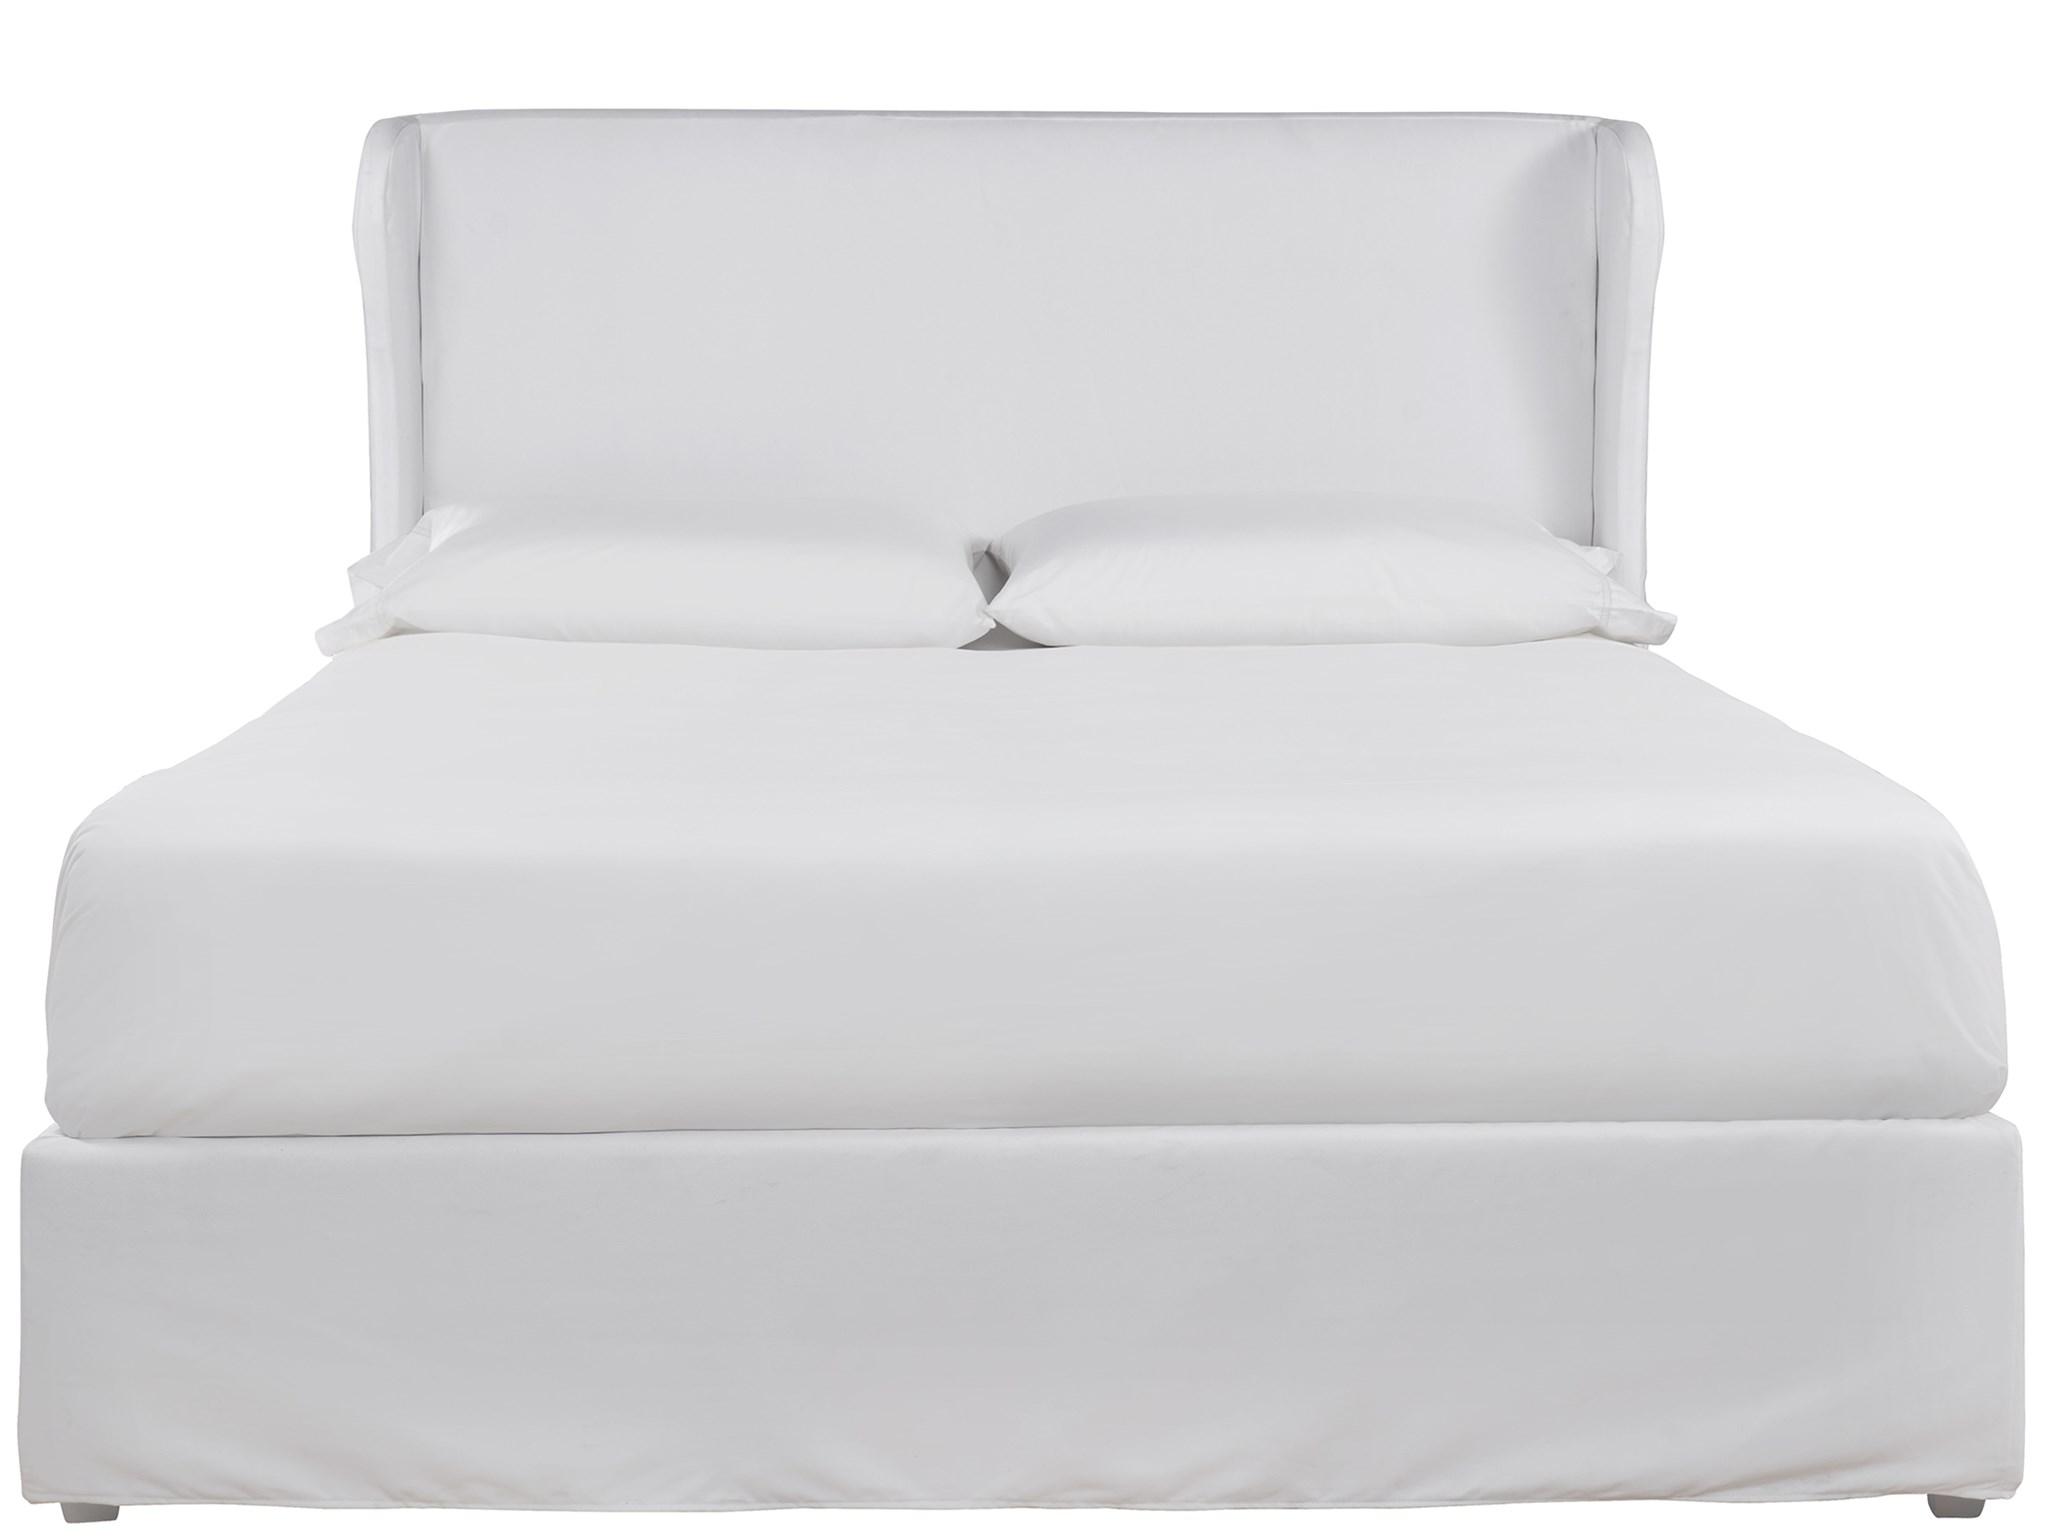 Delancey King Bed
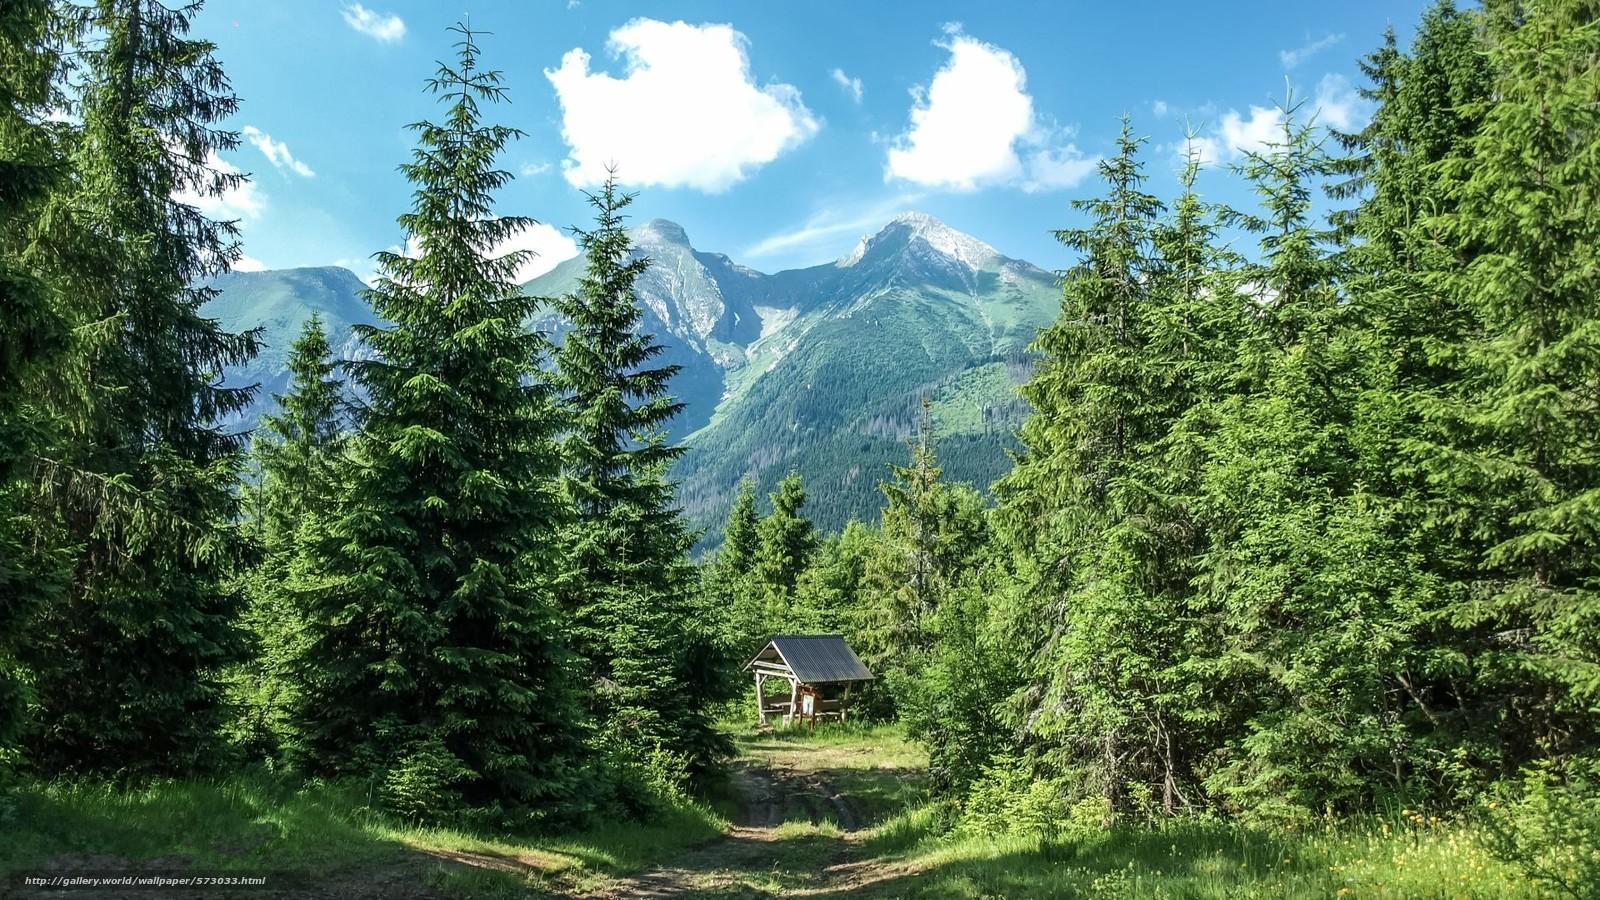 Скачать обои лес горы деревья пейзаж
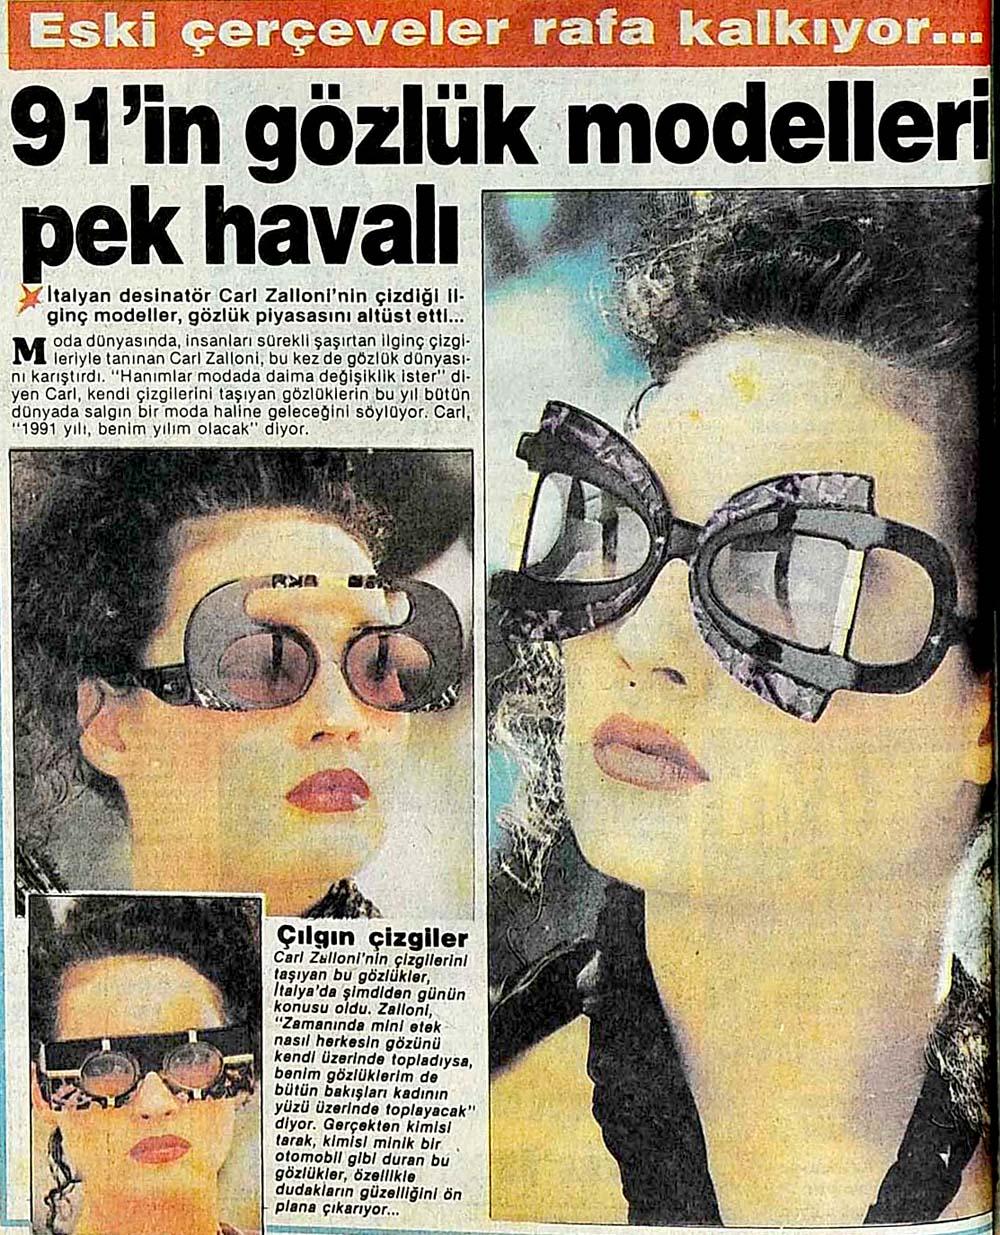 91'in gözlük modelleri

■ About this exercise ■
Retype all of the data above word for word, excluding the pictures.

■ Answer to the problem ■
 Delancey King Bed
 Скачать обои лес горы деревья пейзаж
 91'in gözlük modelleri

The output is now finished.